Name matching metrics

Name matching metrics can be used to select records matched in a certain way.

Taxonomic name matching

Taxonomic name issues can be used to include/exclude records that may have issues such as being associated with a misapplied name



Taxonomic name issues that are flagged include:

  • Parent concept is synonym of child: Arises when a species is divided into 1 or more subspecies and the species name is marked as a synonym to one of the subspecies.
  • Match to misapplied name: A warning to indicate that the supplied scientific name has been misapplied in the past.
  • Matched to homonym: During the match a homonym was detected.  This will often cause the match to be applied at a higher level in the classification.
  • Affinity species: The supplied scientific name included an aff. marker.
  • Confer species: The supplied scientific name included a cf. marker.
  • Associated name excluded:  The scientific name is both an accepted name and excluded from another name.
  • Matched to excluded species: The scientific name matched to a species that is considered excluded from Australia.
  • Species plural: The scientific name was supplied with an spp. marker.

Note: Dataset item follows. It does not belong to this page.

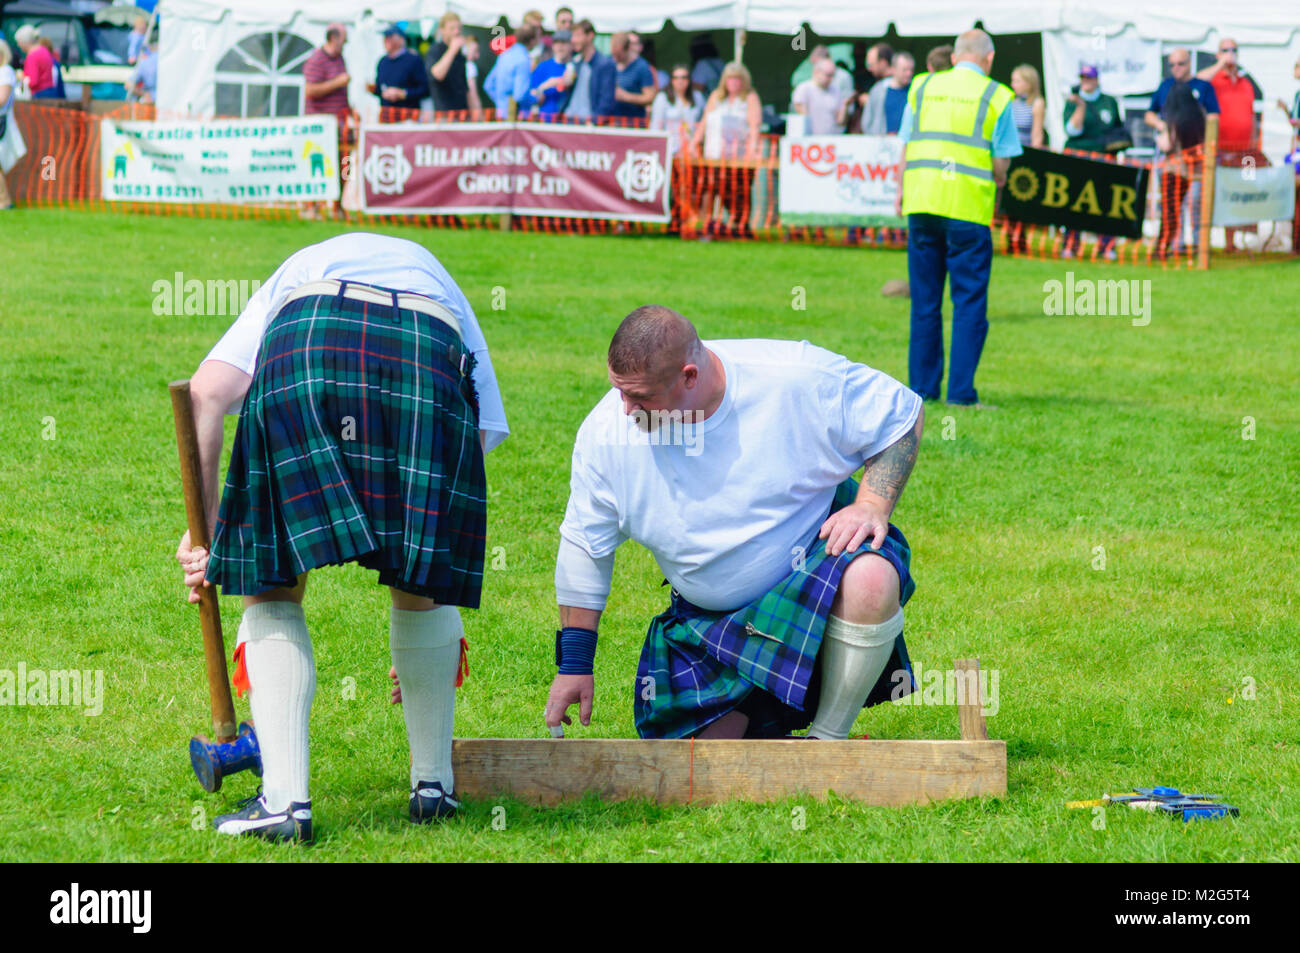 Male competitors preparing to compete in the heavy events at the Dundonald Highland Games, Ayrshire, which celebrates traditional Scottish culture Stock Photo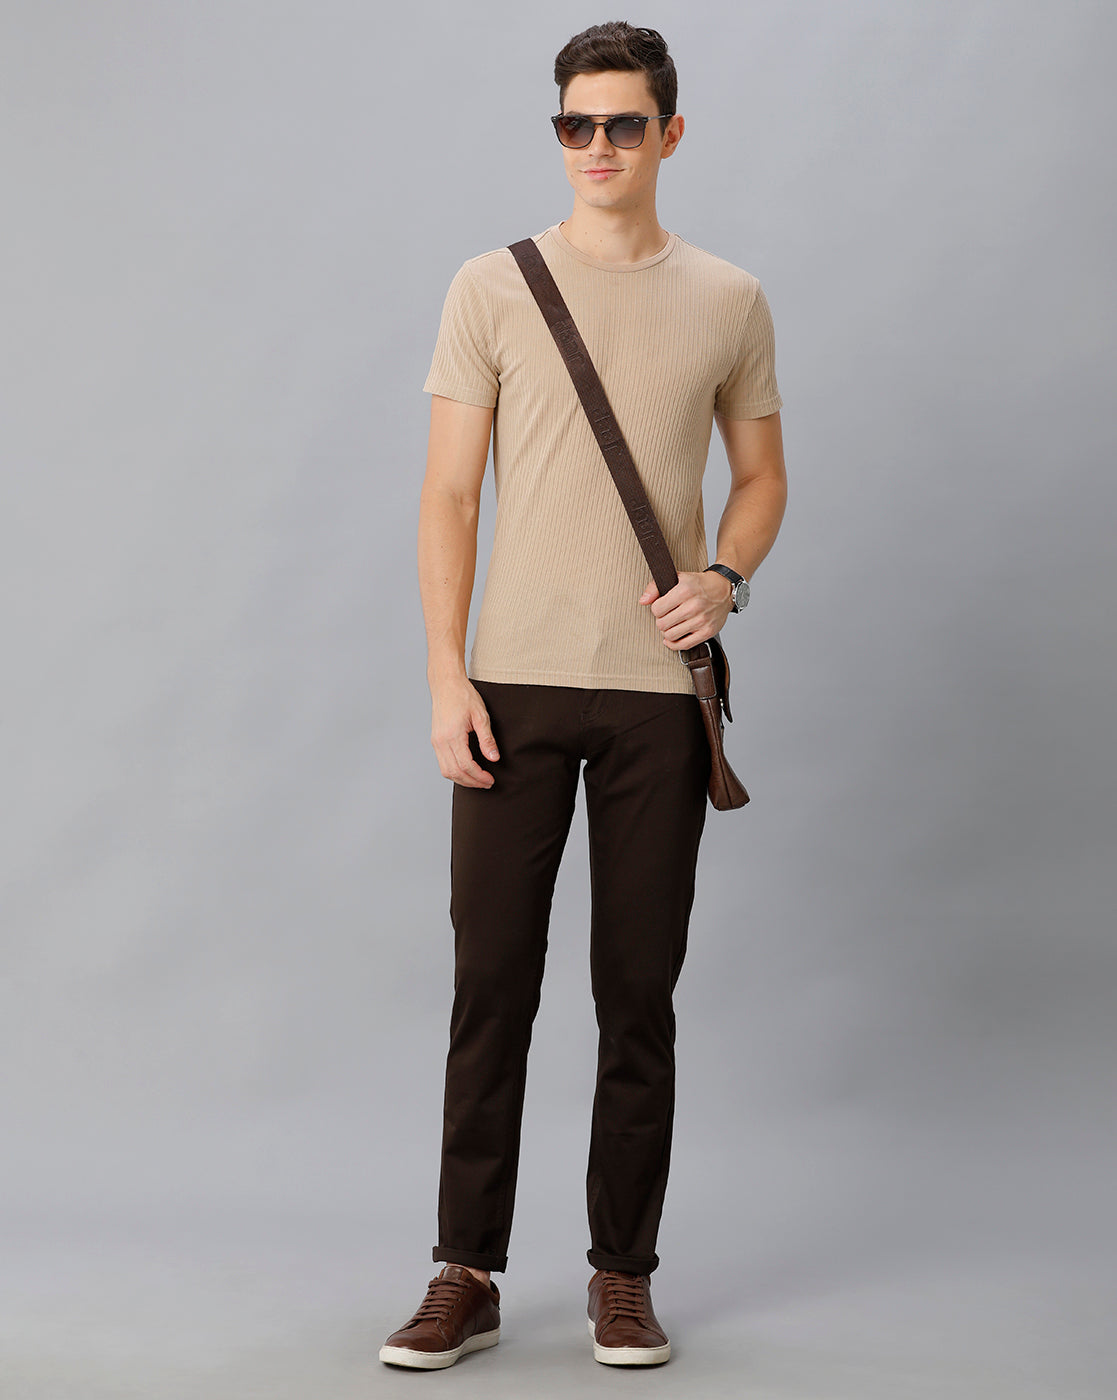 Dark Brown Solid Casual Cotton Trouser - Double Two

Further information about the Name Matching algorithms used by the ALA can be found in the ALA Names List wiki.

Duplicate detection

Detecting for duplicate occurrence records is one of the tests performed during data processing.  If a potential duplicate is detected, the record is flagged which then allows users to optionally discard duplicates records from searches, analysis and mapping.  A discussion  by Simon Bennett on duplicate records is available here.  Duplicates may occur in observational data due to historical data merging between datasets. For specimen data, “duplicate” may be inaccurate as there may be multiple specimens taken from the same individual or multiple specimens taken as part of the same collection event.

The Atlas uses the scientific name, decimal latitude, decimal longitude, collector and collection date to detect potential duplicate records. Here are some additional implementation details:

  • Records are grouped at a species level. Synonyms are mapped to the accepted name, and the accepted name is used in this grouping.
  • Collection dates are duplicates where year, month and day are identical. Paired empty values are considered identical.
  • Collector names are compared; if one is null it is considered a duplicate, otherwise a Levenstein distance is calculated with an acceptable threshold indicating a duplicate
  • Latitudes and Longitudes are duplicates when they are identical at the same precision. Null values are excluded from consideration.

When a group of duplicate records are identified, one record is identified as the “representative” of the duplicates.  The representative record is the one that is the most complete in terms of geospatial information and other metadata.

The duplicate detection process is run as a batch job across all data each week.

Duplicate detection status values from the facet

Duplicate detection status values from the facet. Users can use this facet to select records marked as duplicates by the criteria used to associate the records.

Here is an example record that has been marked as a duplicate. In this particular case the specimens were possibly collected as part of the same collection event. 

Associated record details for PERTH 8480311

Associated record details for PERTH 8480311

Expert distribution outlier

As part of the work on fishmap, the Atlas worked with CSIRO CMAR to expose fish distributions. These distributions are represented as polygons where each species is believed to occur. Each distribution has been developed by an expert in the taxonomic group.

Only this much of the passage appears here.